Ugh, I'm sorry you had to deal with people being judgmental. So far, fortunately, that's something I haven't really experienced. I have had a somewhat similar experience with the low supply. We started supplementing Rose with formula on day 5, at our pediatrician's insistence; she was down 16% of her birth weight and just screaming all the time, poor thing. So she's been eating mostly formula all along, and I've been nursing (and pumping, and taking herbal supplements and even medication) in an effort to increase my supply. I'm producing more now than I was before, but still nowhere near enough. So that's part of the problem. The other part is that, despite several lactation consultations and observations, she's still a difficult nurser. Everyone says her latch is good, but something about her technique isn't very effective, and often hurts me. Plus, much like Emmett, she has a tendency to pull her head away when she's excited or frustrated, or else she flails her arms around and pulls my breast out of her mouth. (You wouldn't think she'd have the strength to do that, but she does!) So nursing sessions tend to be long, ineffective, and painful, and then we have to give her formula afterwards anyway. It just doesn't seem worth it anymore. I'll still pump and give her as much as I can, but I'm not going to make myself crazy with it.

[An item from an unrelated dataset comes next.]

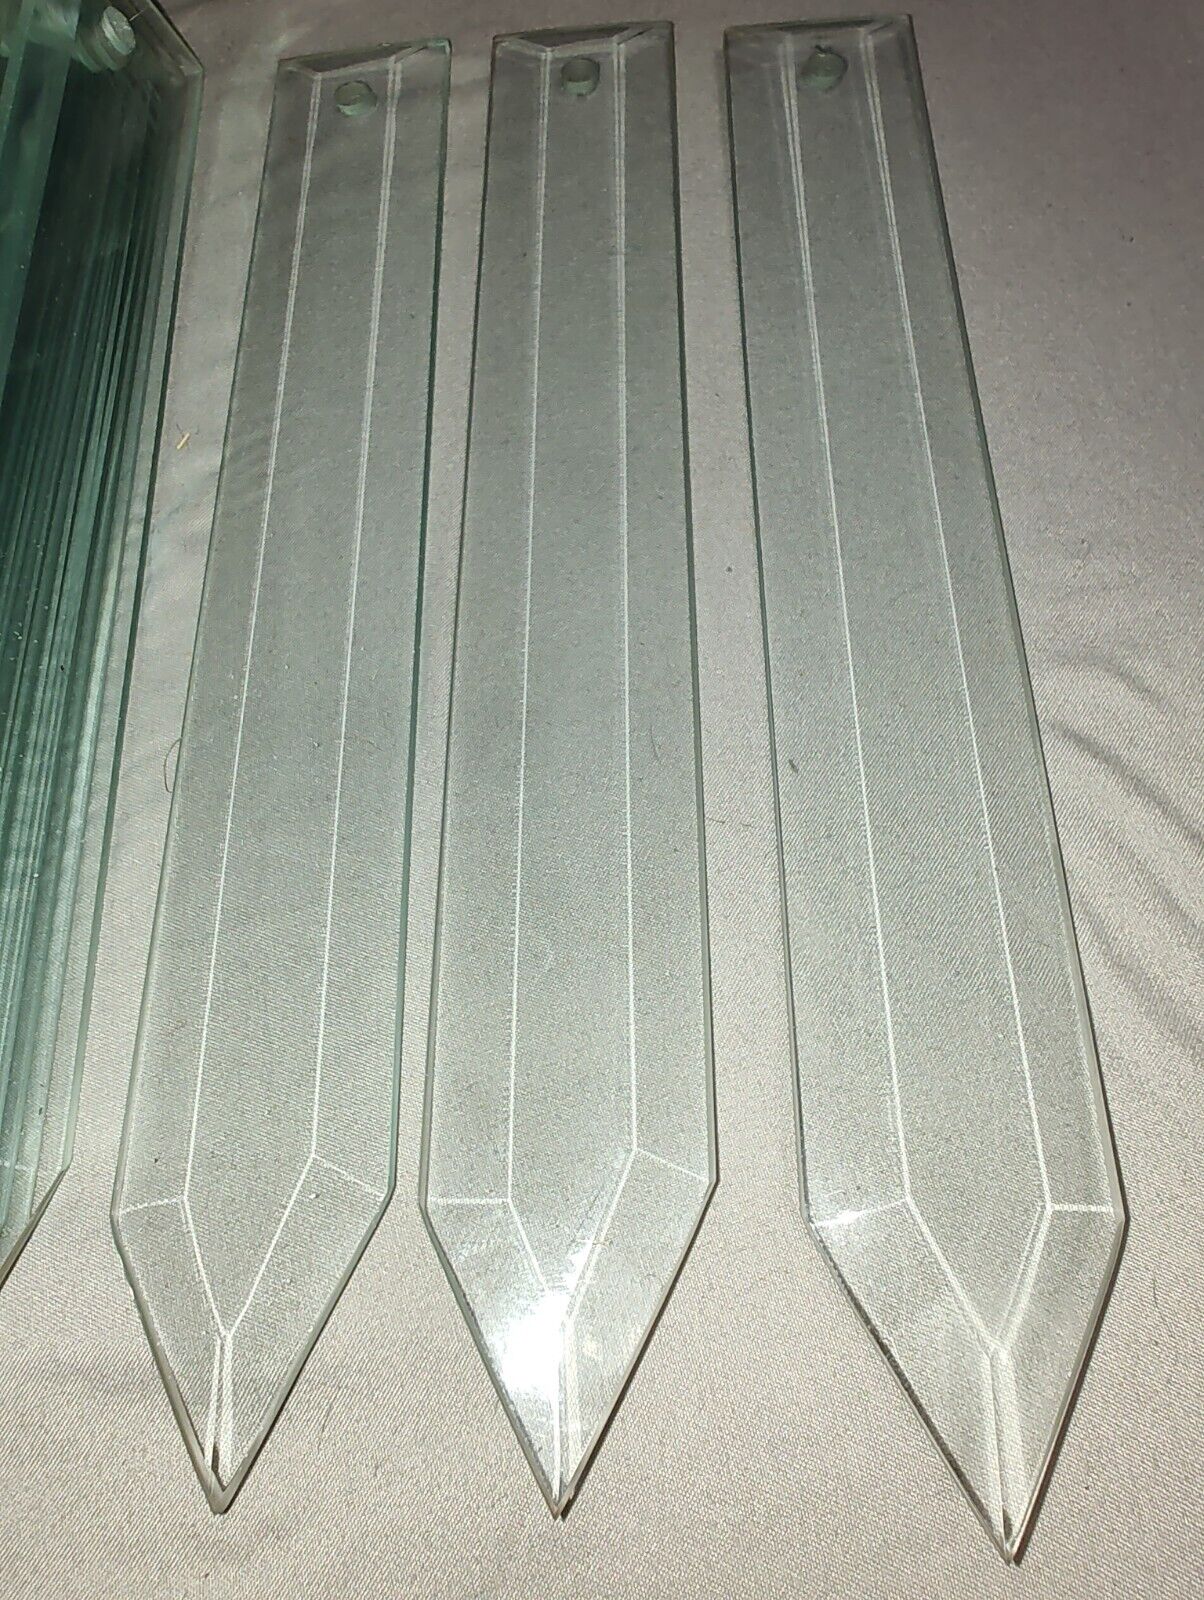 Vintage Clear Glass Chandelier Replacement Panels (30)Flat straight  Beveled MCM

Sooon, I hope! I am v. broke right now, because I had to spend $1400 to have my terminal molars removed (not my wisdom teeth, my molars) because my mouth was too small to accommodate them. (There went my F2F money...sigh.)
Yikes, that sucks. But wow, that's crazy about your sleep apnea going away! Yay!
I really look forward to meeting Rose and M some day!
javachik, me too!
billytea, that's such great news about Biyi's parents! I'm so happy for you, and them, and Biyi, and most of all Ryan. What a lucky kid.